So far, we have addressed SOAP headers as a means for vertical extensibility within SOAP messages. There is another related notion, however: horizontal extensibility. Vertical extensibility is about the ability to introduce new pieces of information within a SOAP message, and horizontal extensibility is about targeting different parts of the same SOAP message to different recipients. Horizontal extensibility is provided by SOAP intermediaries.

The Need for Intermediaries

SOAP intermediaries are applications that can process parts of a SOAP message as it travels from its origination point to its final destination point (see Figure 3.7). Intermediaries can both accept and forward SOAP messages. Three key use-cases define the need for SOAP intermediaries: crossing trust domains, ensuring scalability, and providing value-added services along the SOAP message path.
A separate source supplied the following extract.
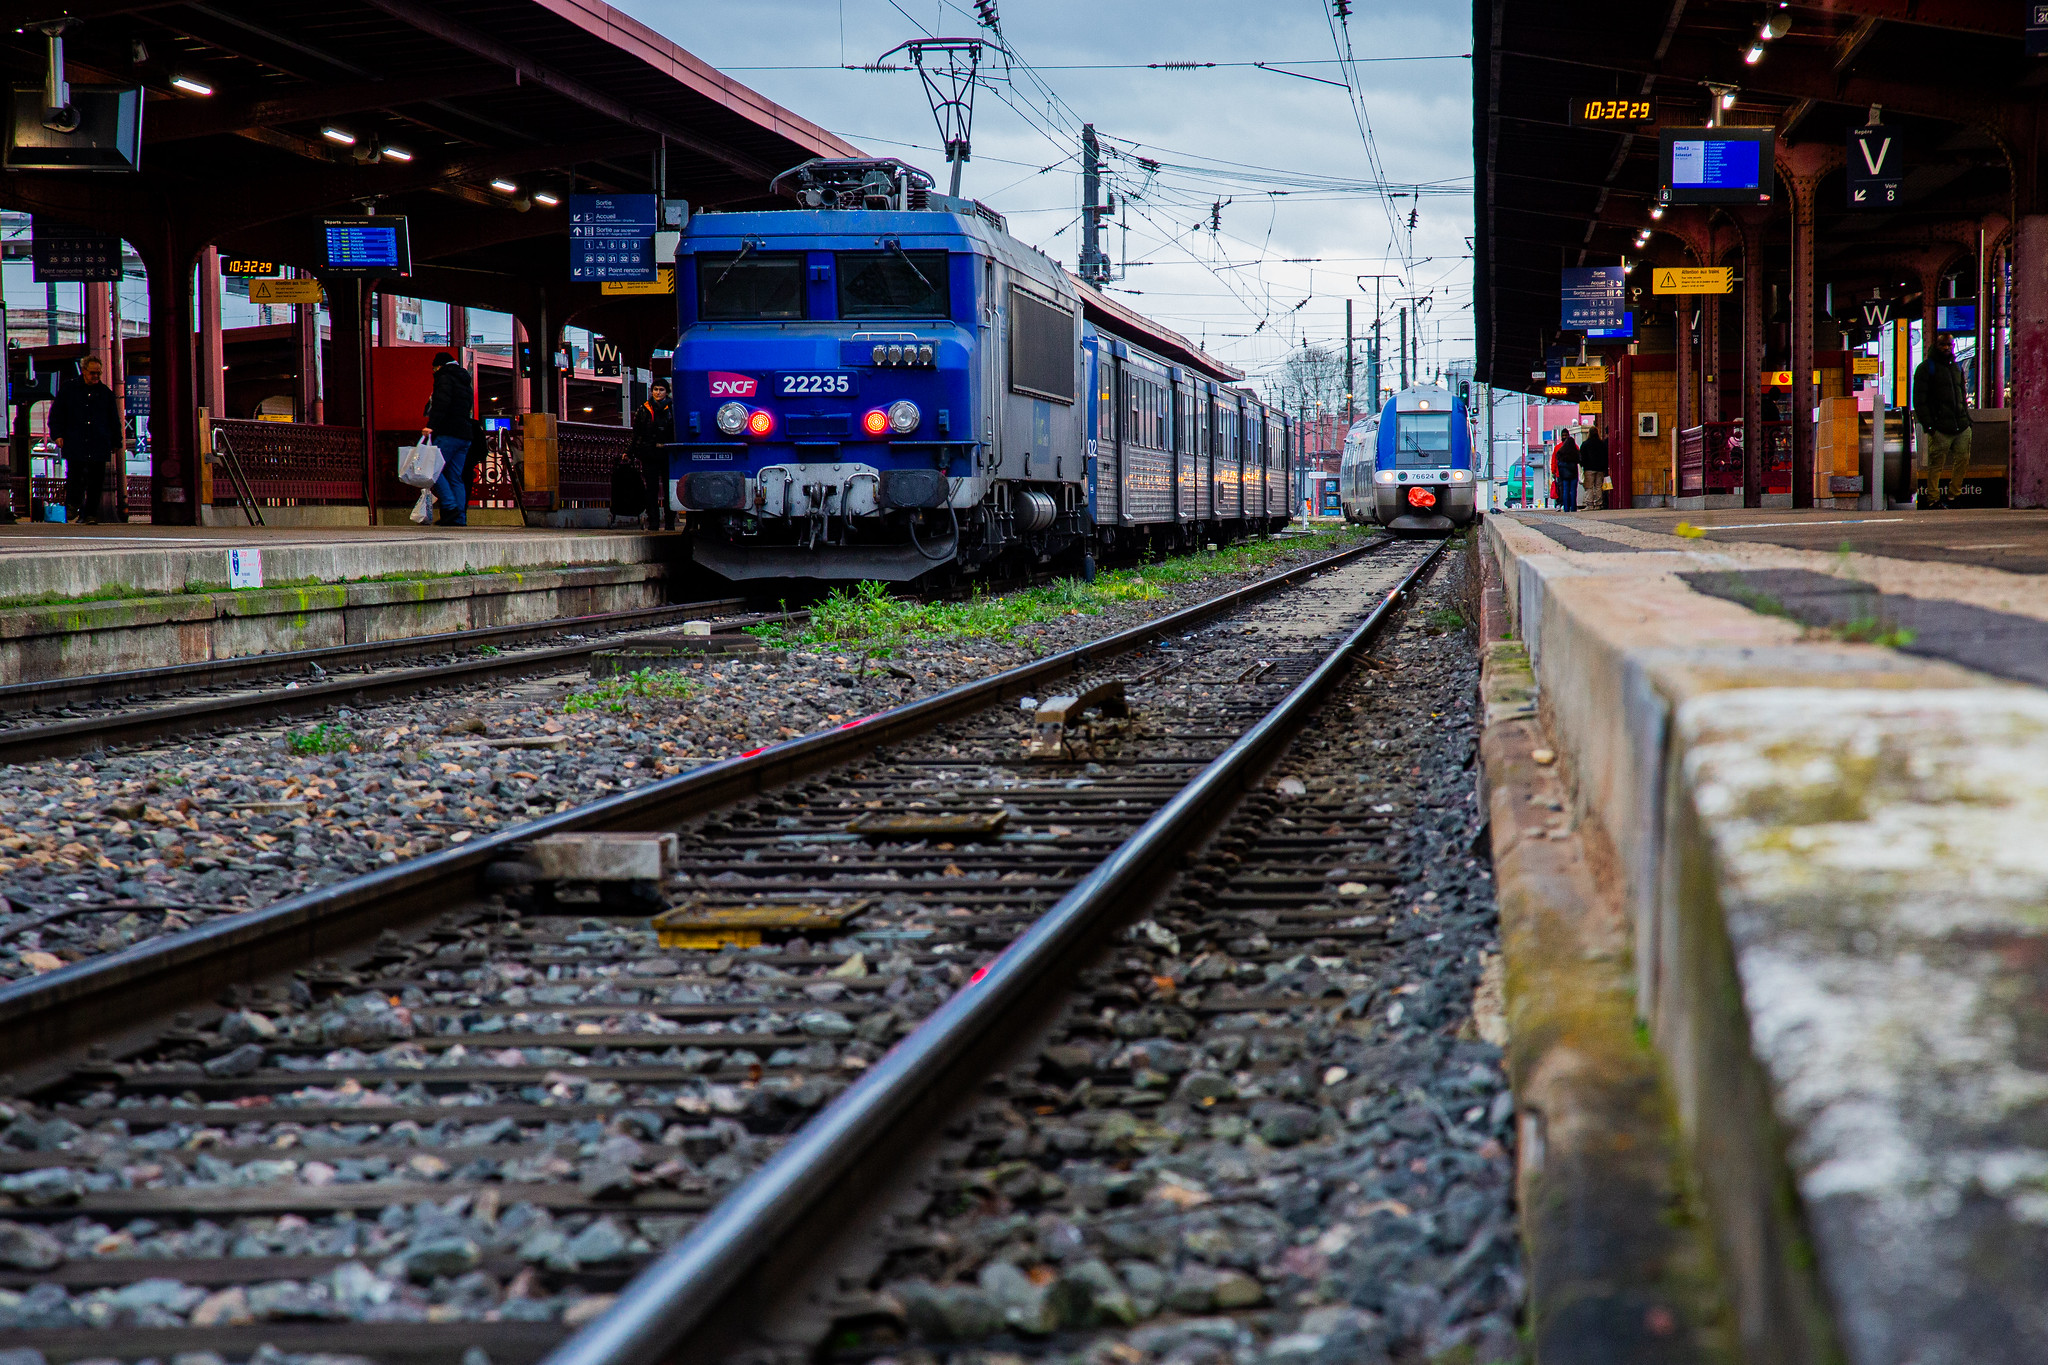 La SNCF menace de licenciement deux employés dénonçant des violences sexuelles

Figure 3.7 Intermediaries on the SOAP message path.

Crossing trust domains is a common issue faced while implementing security in distributed systems. Consider the relation between a corporate or departmental network and the Internet. For small organizations, it is likely that the IT department has put most computers on the network within a single trusted security domain. Employees can see their co-workers computers as well as the IT servers and they can freely exchange information between them without the need for separate logons. On the other hand, the corporate network probably treats all computers on the Internet as part of a separate security domain that is not trusted. Before an Internet request reaches the network, it needs to cross from its untrustworthy domain to the trusted domain of the network. Corporate firewalls and virtual private network (VPN) gateways are the Cerberean guards of the gates to the network's riches. Their job is to let some requests cross the trust domain boundary and deny access to others.
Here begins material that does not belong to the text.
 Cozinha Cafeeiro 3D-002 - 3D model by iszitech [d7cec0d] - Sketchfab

Another important need for intermediaries arises because of the scalability requirements of distributed systems. A simplistic view of distributed systems could identify two types of entities: those that request some work to be done (clients) and those that do the work (servers). Clients send messages directly to the servers with which they want to communicate. Servers, in turn, get some work done and respond. In this naïve universe, there is little need for distributed computing infrastructure. Alas, you cannot use this model to build highly scalable distributed systems.

Take basic e-mail as an example—the service we've grown to depend on so much in the Net era. When someone@company.com sends an e-mail message to myfriend@london.co.uk, it is definitely not the case that their e-mail client locates the mail server london.co.uk and sends the message to it. Instead, the client sends the message to its e-mail server at company.com. Based on the priority of the message and how busy the mail server is, the message will leave either by itself or in a batch of other messages. Messages are often batched to improve performance. It is likely that the message will make a few hops through different nodes on the Internet before it gets to the mail server in London.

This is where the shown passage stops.